(Dataset content Opens)
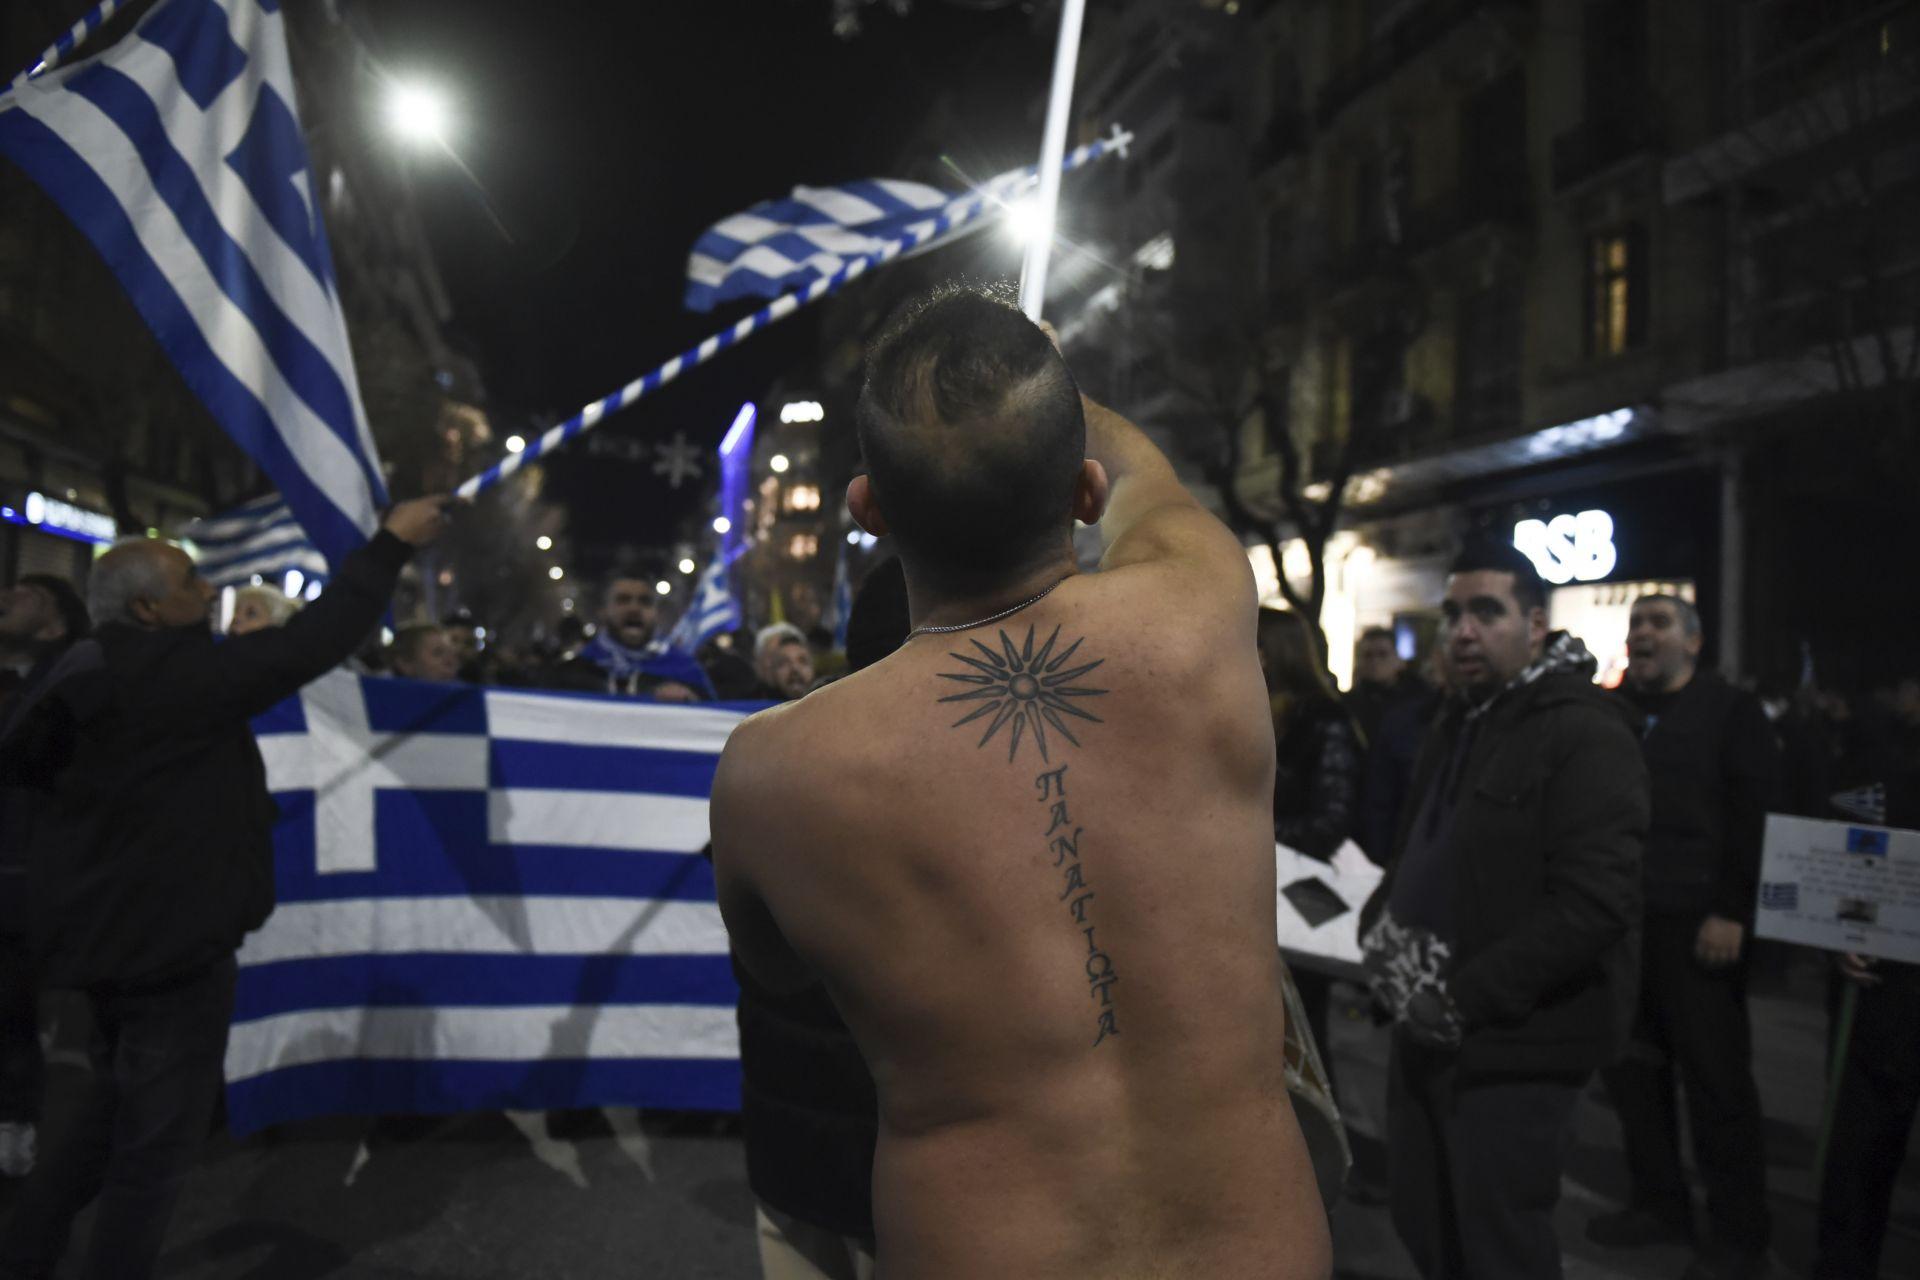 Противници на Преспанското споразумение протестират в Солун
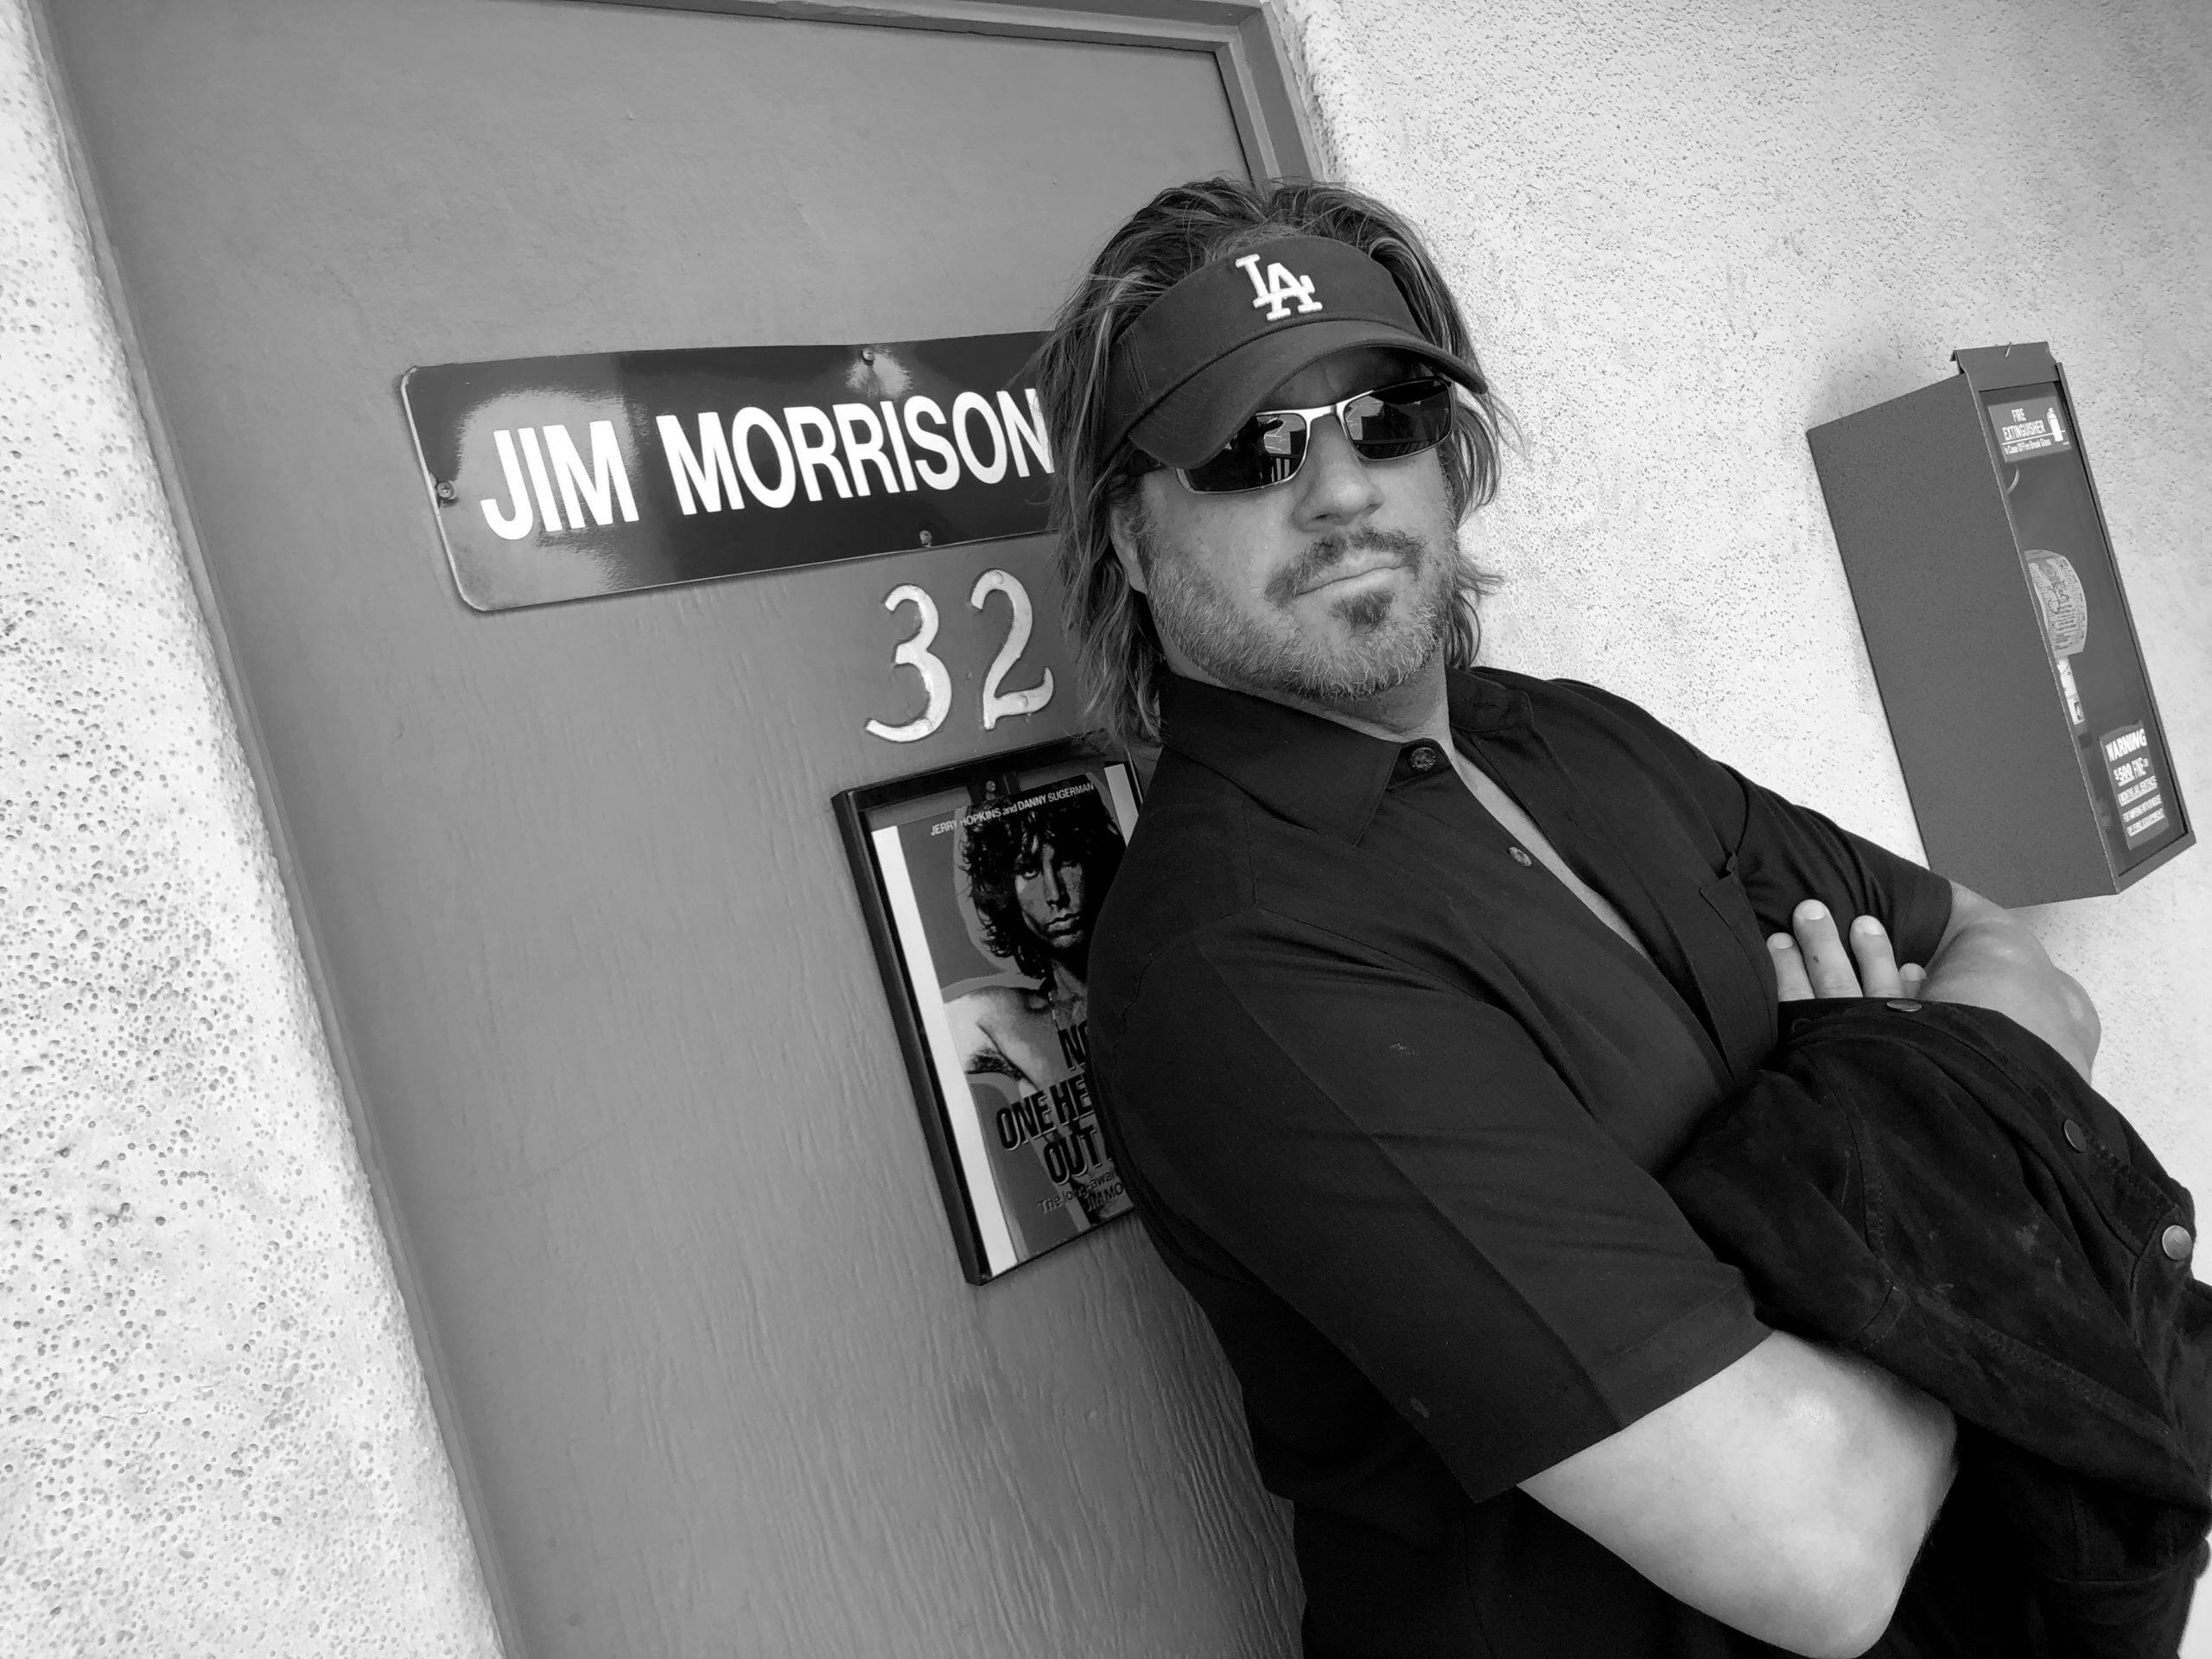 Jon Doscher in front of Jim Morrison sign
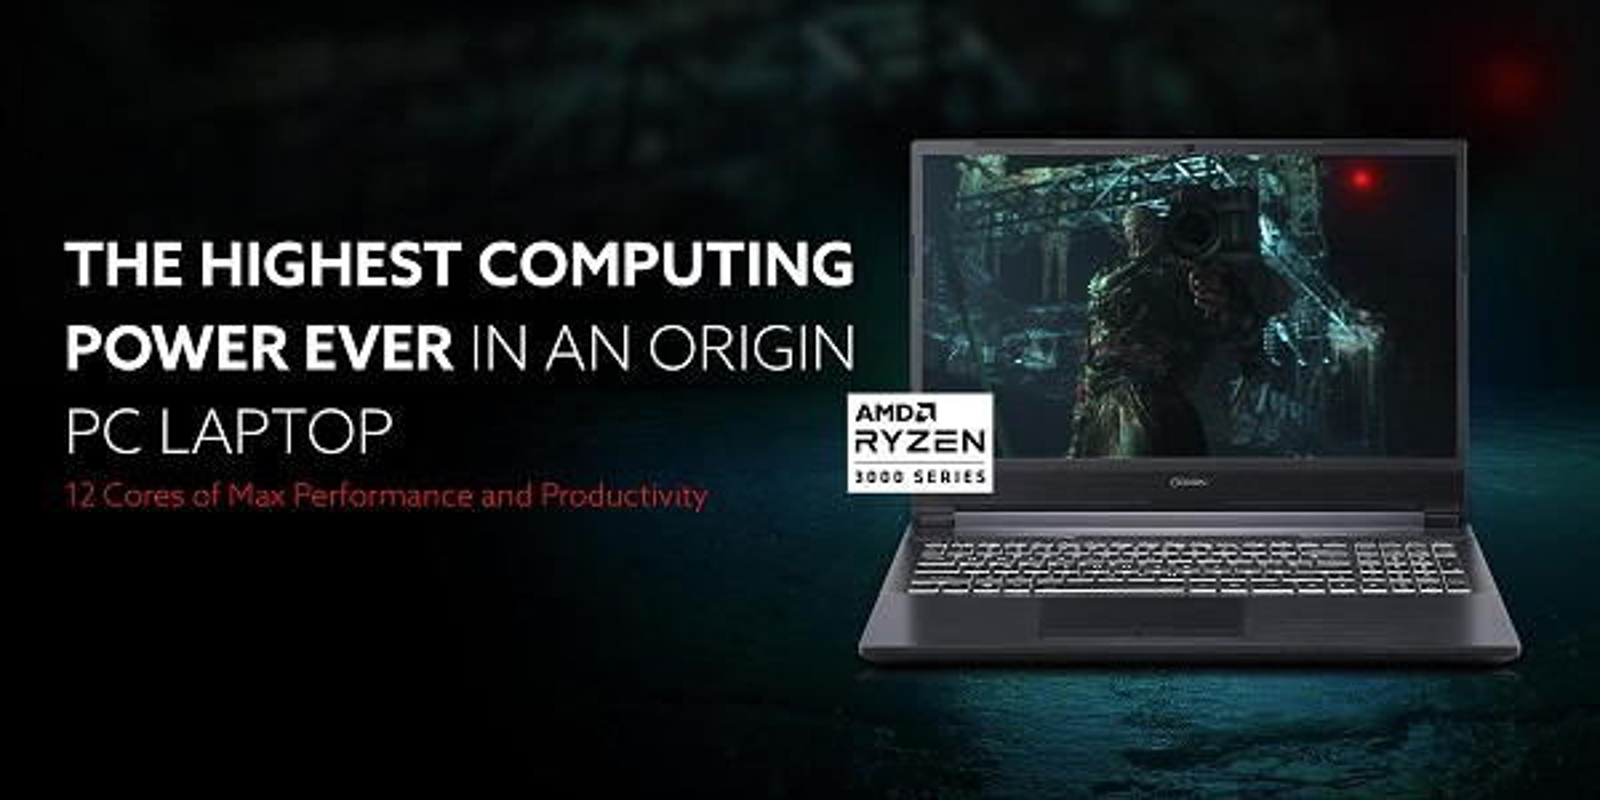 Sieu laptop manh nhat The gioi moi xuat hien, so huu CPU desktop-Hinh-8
(Dataset content Closes)
> Exercise directions: Print exactly the lines from the line with "Jon Doscher in front of Jim Morrison sign" through the end of the data, both ends included, and print no pictures.

> Response below:
 Jon Doscher in front of Jim Morrison sign
 Sieu laptop manh nhat The gioi moi xuat hien, so huu CPU desktop-Hinh-8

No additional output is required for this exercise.